The photographs allow us to feel the atmosphere of the competition, but also to see how music brings people together across borders. People who communicate with each other using the language of études, waltzes, nocturnes and preludes - by Chopin, of course.
But what does he observe there? What scenes, what atmosphere?
"Each of this year's 84 pianists is an absolute individual. There are 16-year-olds and almost 30-year-olds, each with a different baggage of experience. It is interesting to watch how they deal with stress. Just now, Yehuda Prokopovich was playing a character who was riddled with stress. Others even sink into themselves, trying to cut themselves off from the reality around them."
Grzędziński emphasises that what fascinates him about the people he photographs is their passion. Entering the competition is preceded not only by preliminaries, but also by years of practice.

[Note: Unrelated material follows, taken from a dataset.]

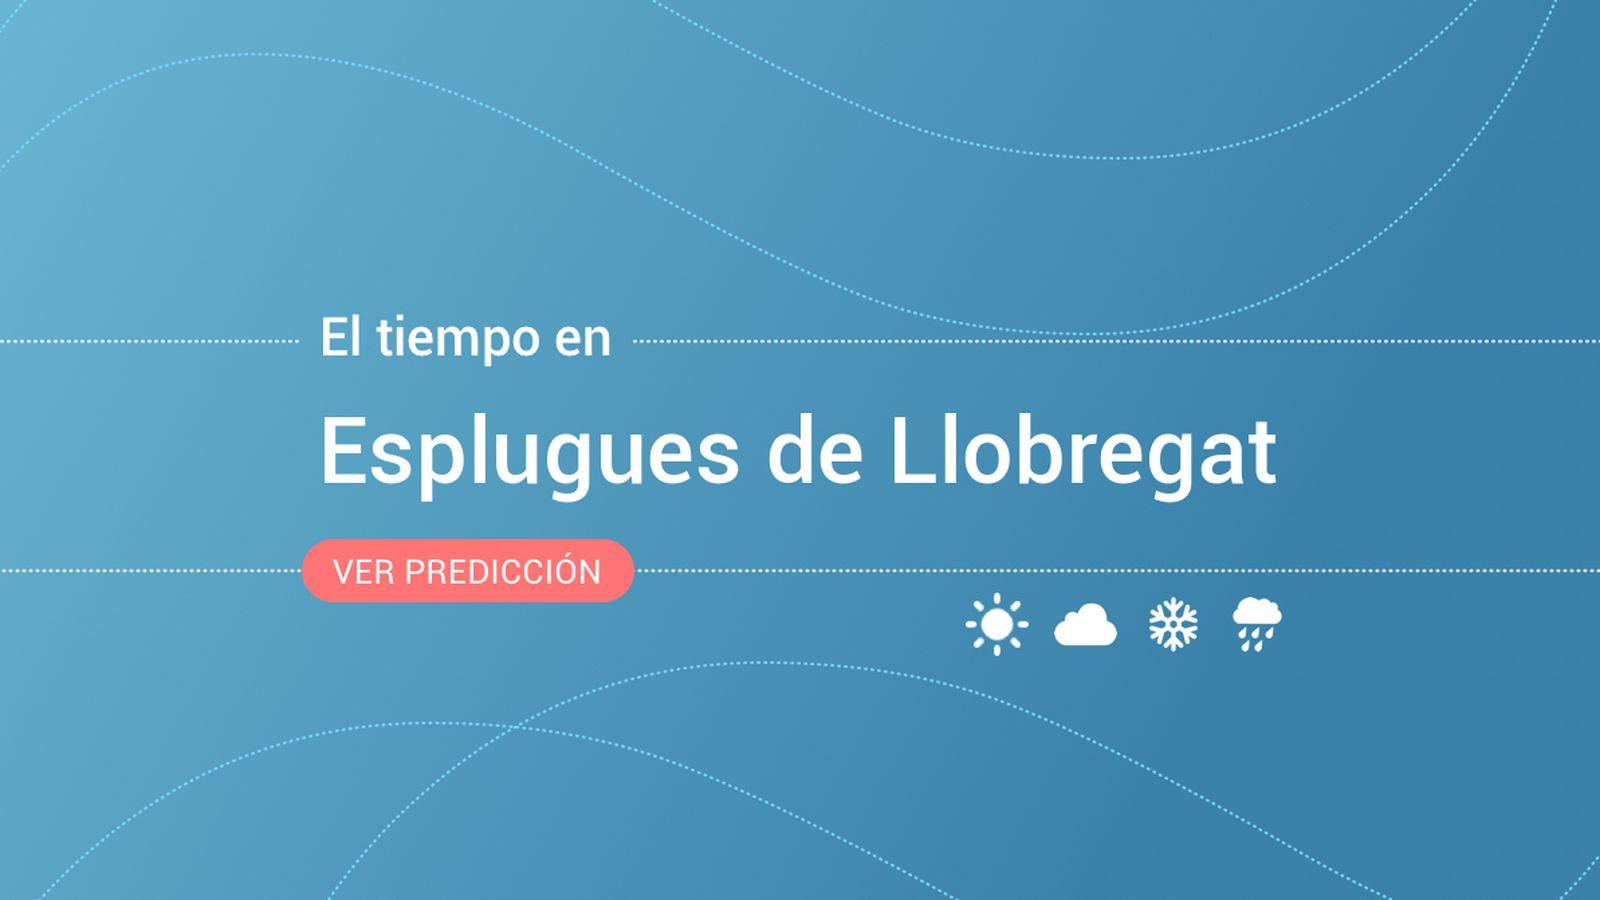 Foto: El tiempo en Esplugues de Llobregat. (EC)

"Some people give their first concerts at the age of four! We are talking about a situation where a person in their twenties already has 15 years of professional experience! It is unbelievable to meet such people and interact with them."
When war meets Chopin
Sometimes Grzędziński's two worlds - war and Chopin - merge and surprisingly intermingle. And literally. One such event earned him the Photograph of the Year award at Grand Press Photo 2022.
"It was probably on the fifth of March 2022. A bomb fell on Biala Cerkiew, a town about 80 kilometres south of Kyiv. Suddenly there was an explosion in the town where we were. Kyiv was encircled on three sides by the Russians. We went to the scene and it turned out that a bomb or a rocket had exploded between the single-family houses - to this day I don't know what it was exactly', Grzędziński recalls.
One of the houses that suffered mightily was that of Irina Maniukina, a 48-year-old pianist at the time.
"There was a burnt facade there, the door was kicked down, everything was flying. Her daughter was also slightly injured. Luckily it was only scratches on the skin. And so we walked around that house. And she [Irina] at one point walks up to the piano, takes the protective cover off it and starts playing. On a completely out of tune instrument, in a room with broken windows, she starts playing Chopin. And I had shivers at that moment. Because these are my two photographic worlds... Suddenly, they intersected in one place and at one moment".
The Fryderyk Chopin International Piano Competition is accompanied by numerous events, including an exhibition of photographs by Wojciech Grzędziński from the four previous editions of the competition. It can be seen in Warsaw's Hala Koszyki until 22 October 2025 (admission free).